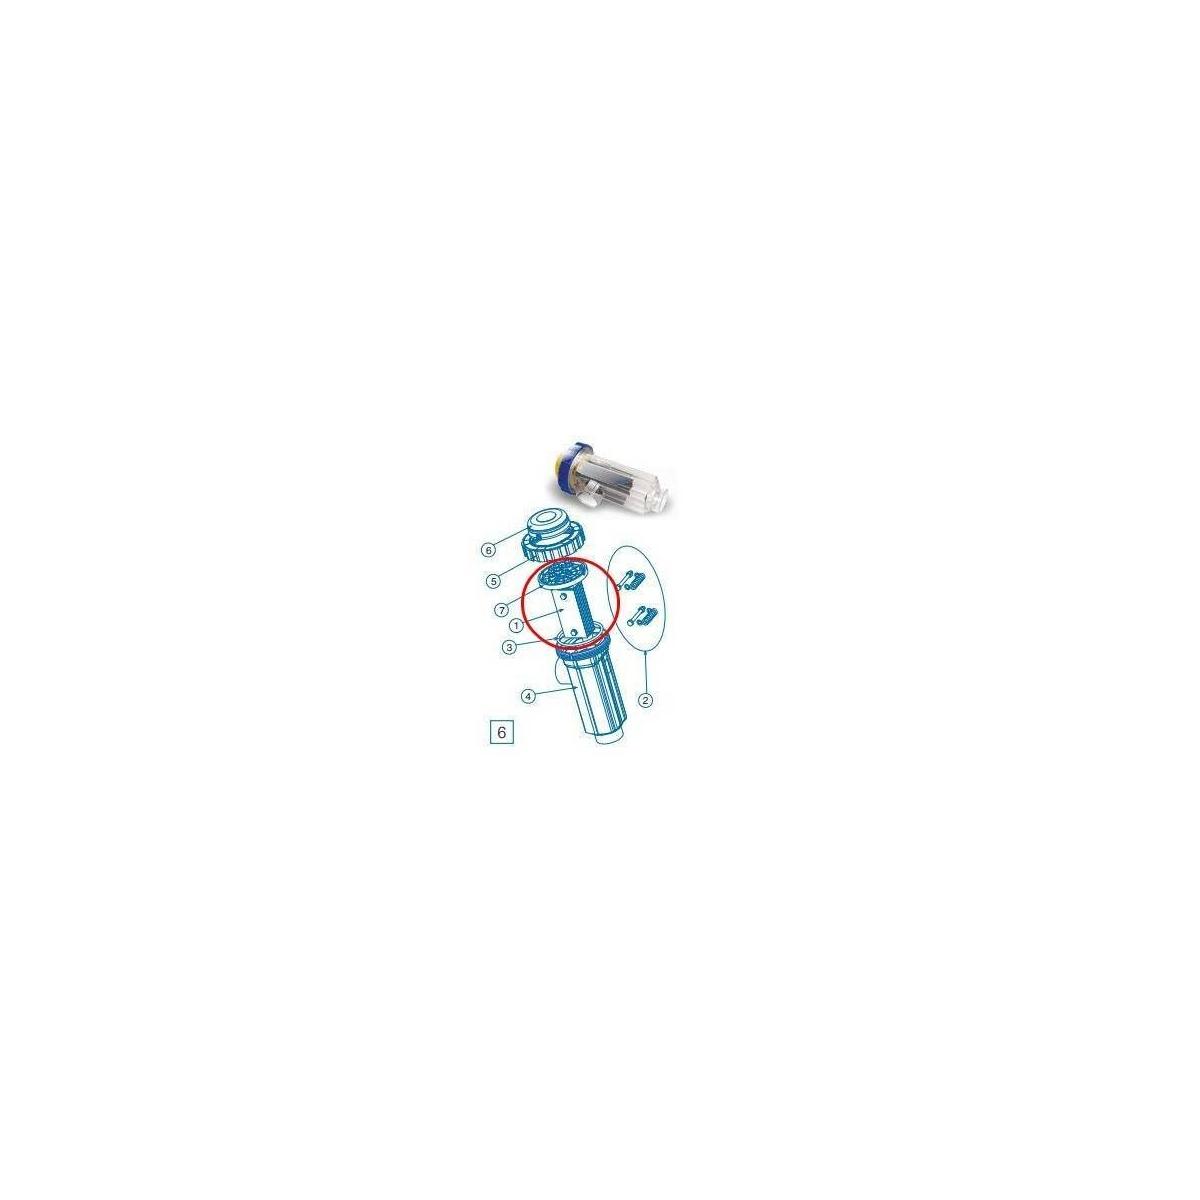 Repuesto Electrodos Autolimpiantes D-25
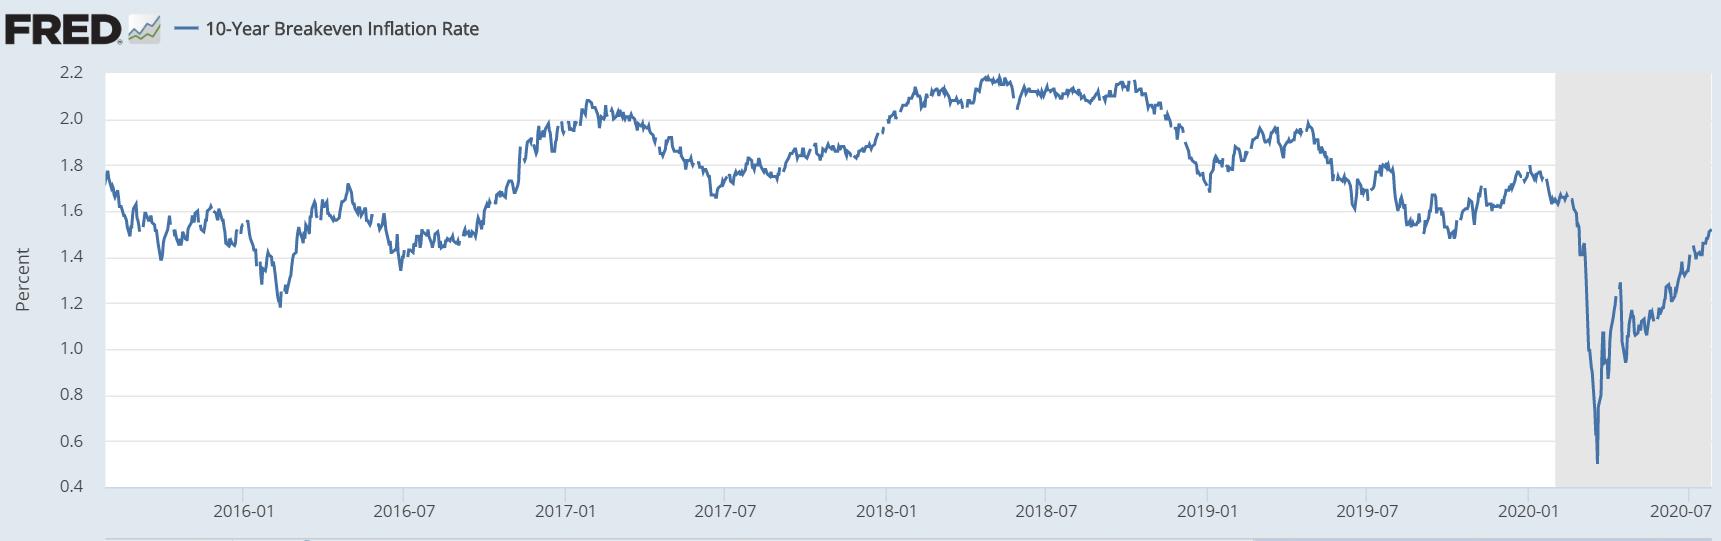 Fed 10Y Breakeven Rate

==

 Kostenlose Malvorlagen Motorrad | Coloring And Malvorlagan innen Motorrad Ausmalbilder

**Required work:**
Would you copy the lines above exactly, starting with the one that has "Repuesto Electrodos Autolimpiantes D-25" and ending with the one that has "Fed 10Y Breakeven Rate", both included, without the pictures?

**Answer to the problem:**
 Repuesto Electrodos Autolimpiantes D-25
 Fed 10Y Breakeven Rate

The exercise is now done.